- [Task directions]: Scan the records below for the line with "Sample Resume For Caregiver Position" and the line with "Benetton Beyaz - Mavi", and retype that range exactly, both ends included, pictures excepted.

- [Record extracts]:
____________

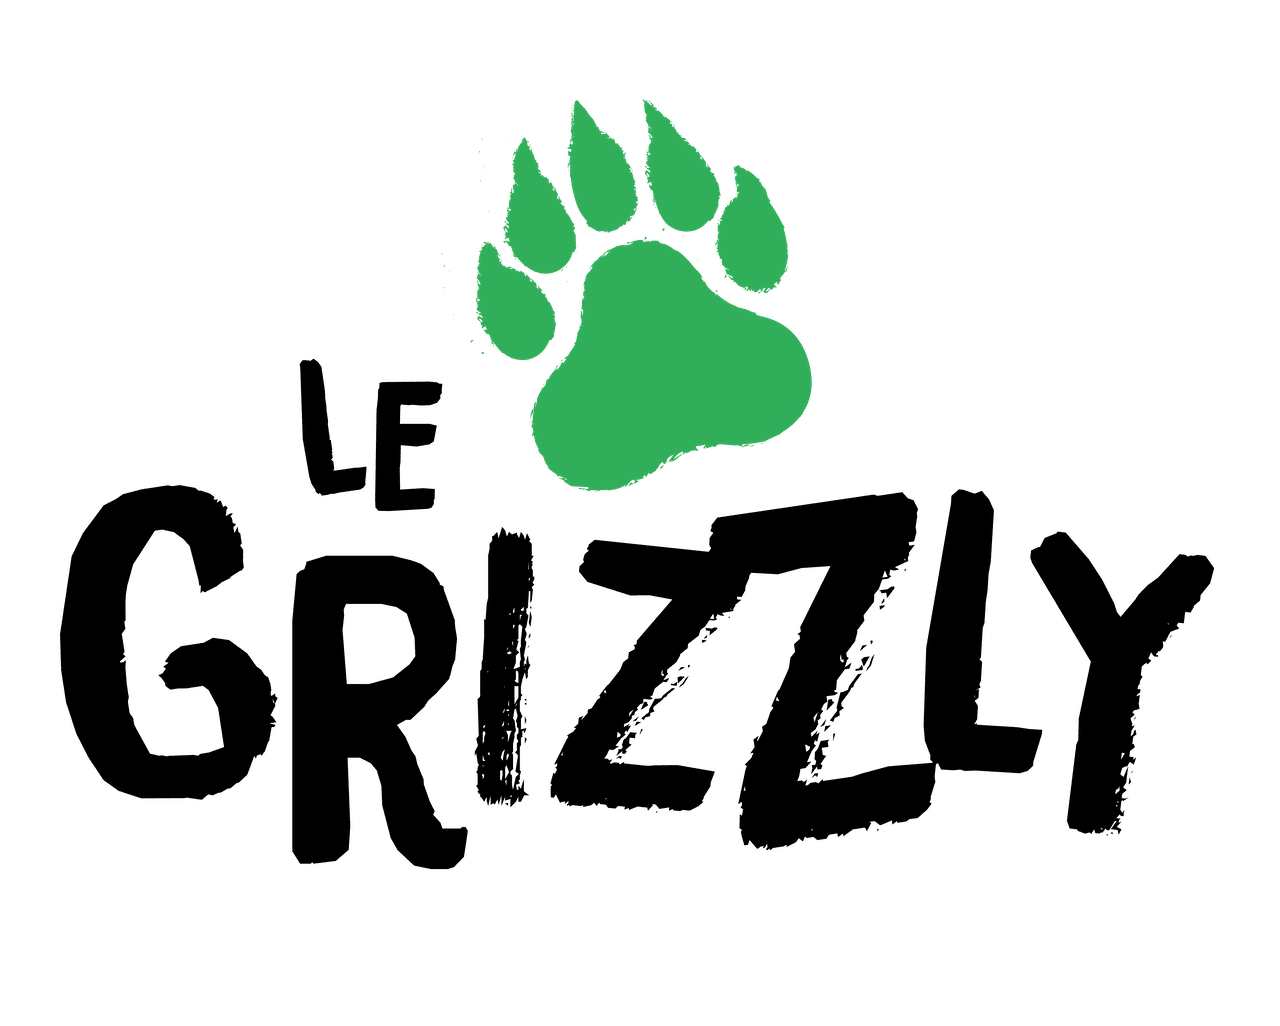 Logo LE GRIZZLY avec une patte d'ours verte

____________

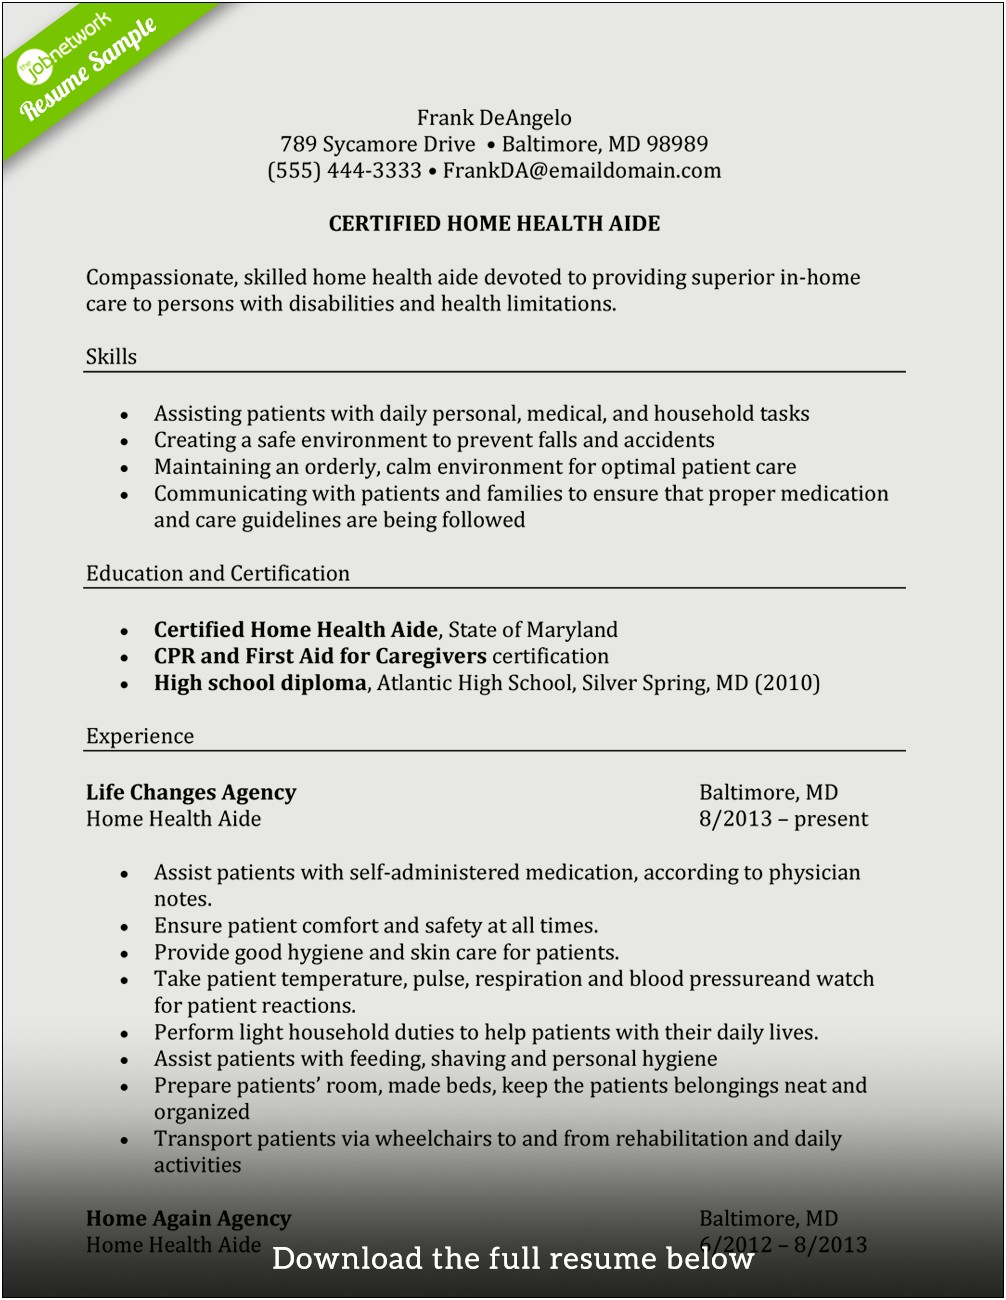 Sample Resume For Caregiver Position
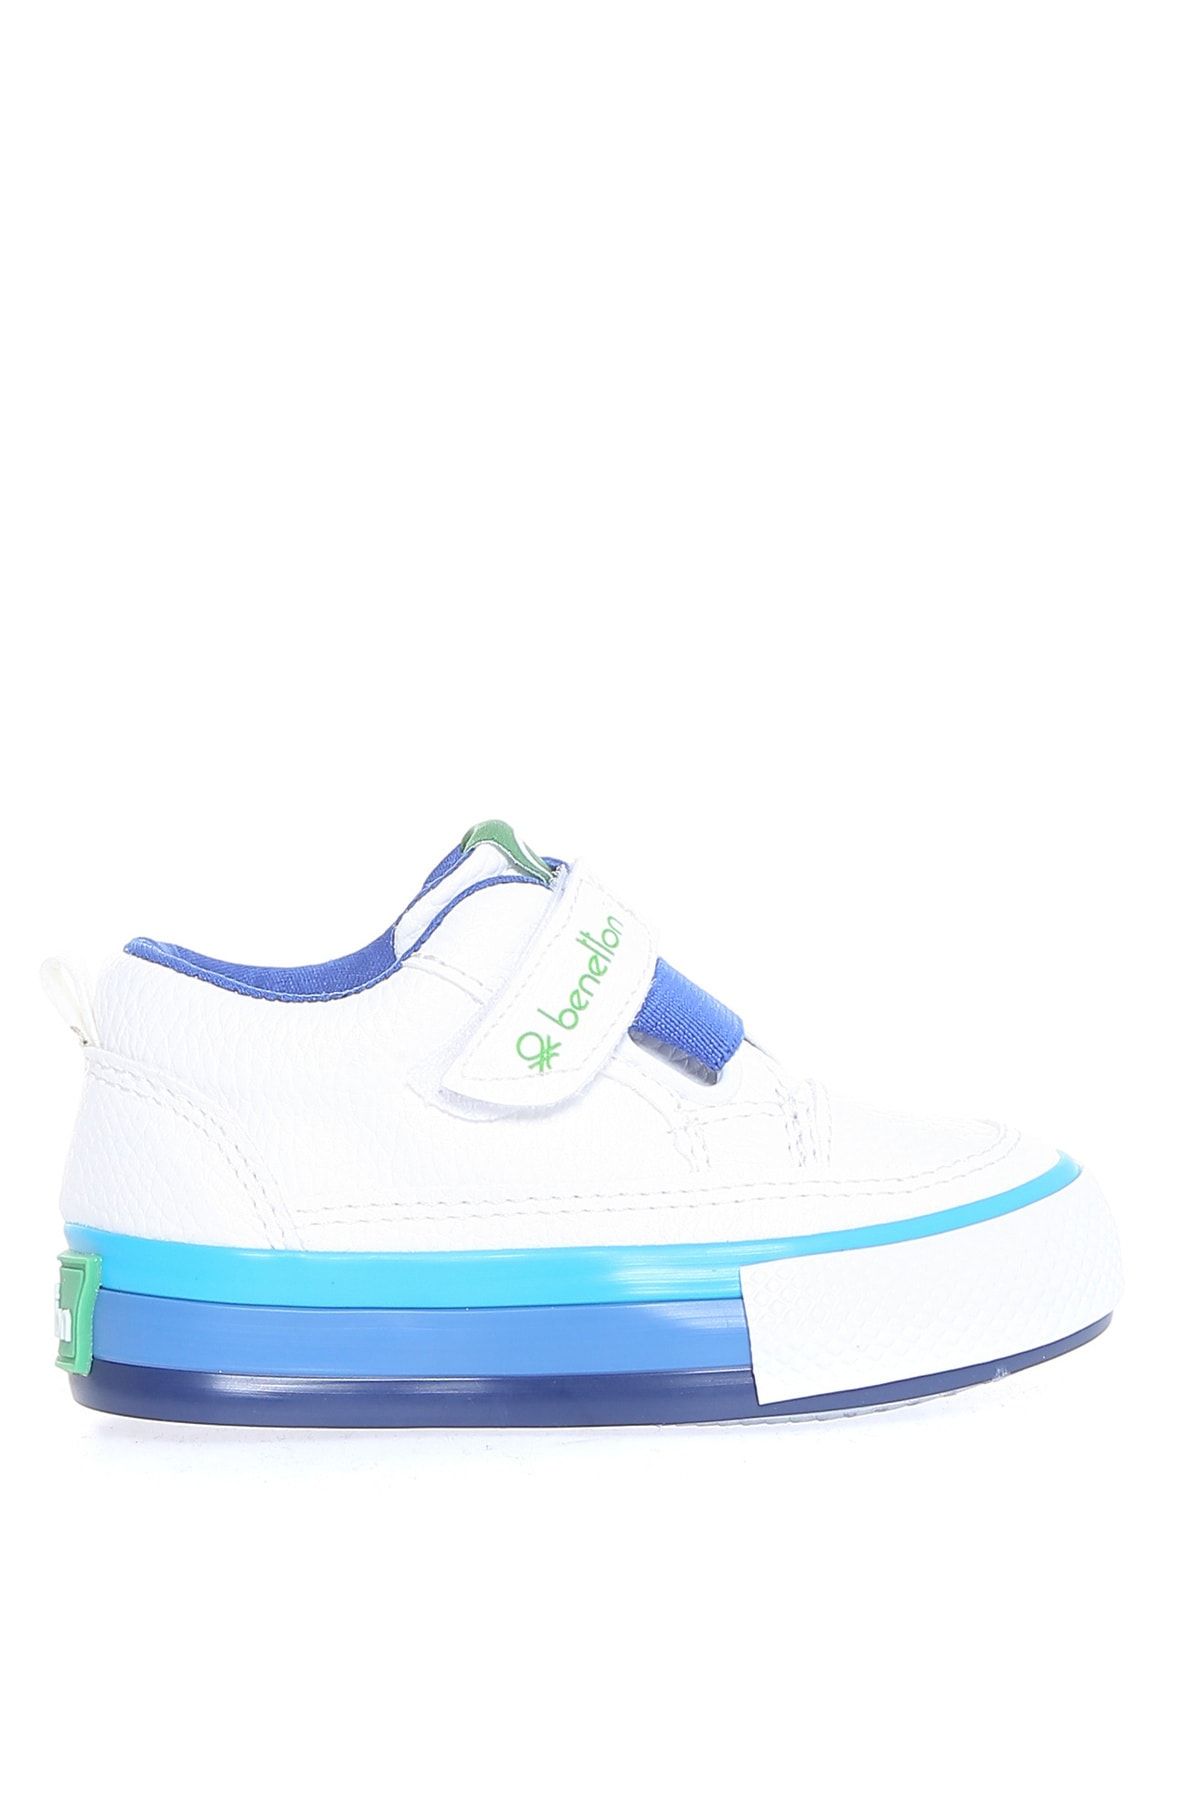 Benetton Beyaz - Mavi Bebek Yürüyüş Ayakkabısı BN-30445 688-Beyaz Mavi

____________

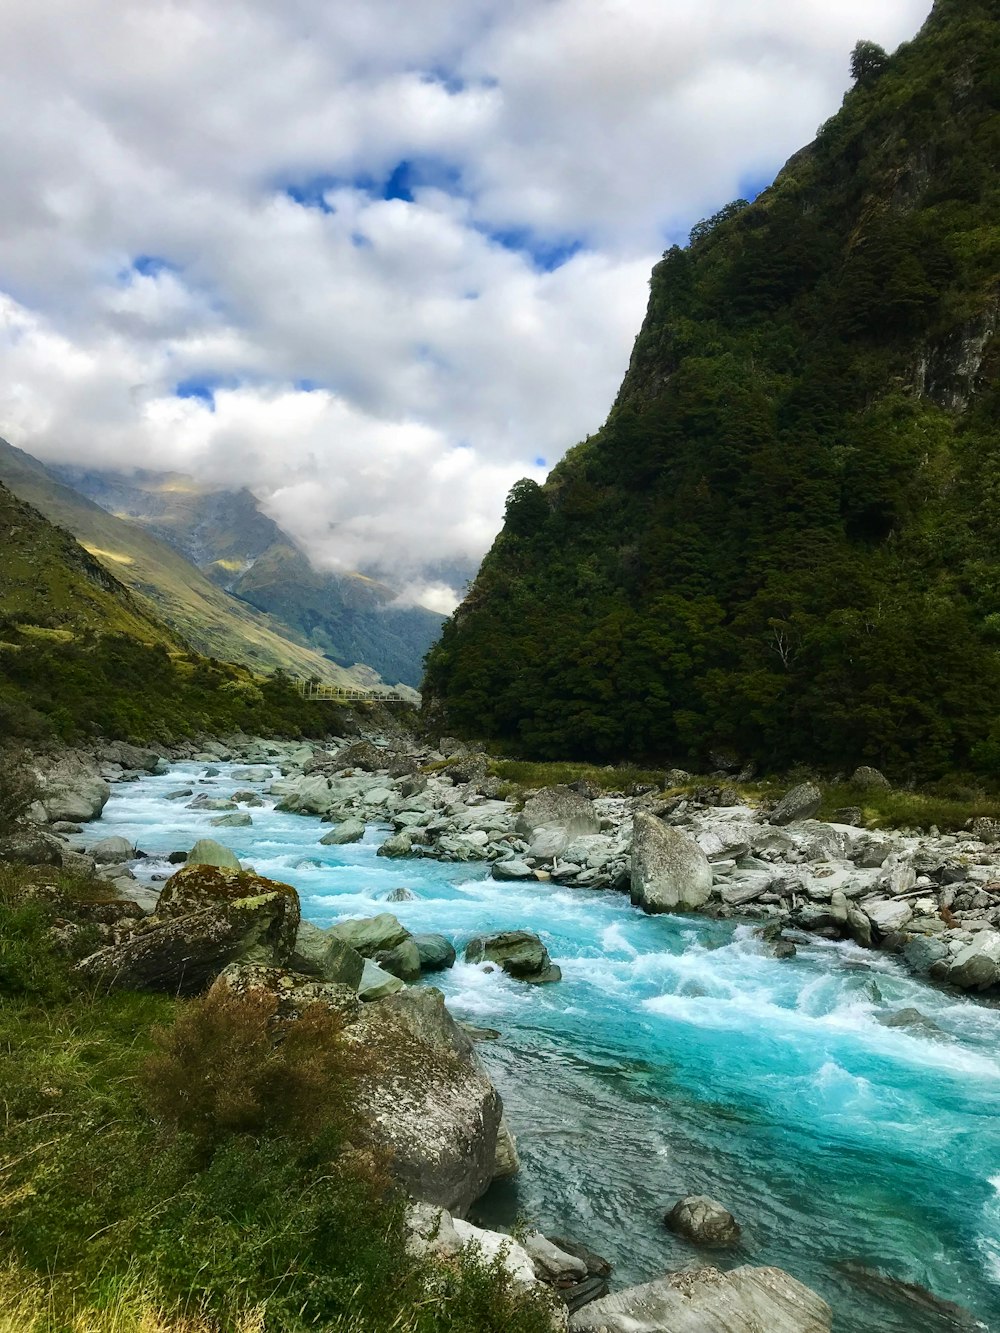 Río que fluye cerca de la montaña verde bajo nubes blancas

____________

- [Expected answer]:
 Sample Resume For Caregiver Position
 Benetton Beyaz - Mavi Bebek Yürüyüş Ayakkabısı BN-30445 688-Beyaz Mavi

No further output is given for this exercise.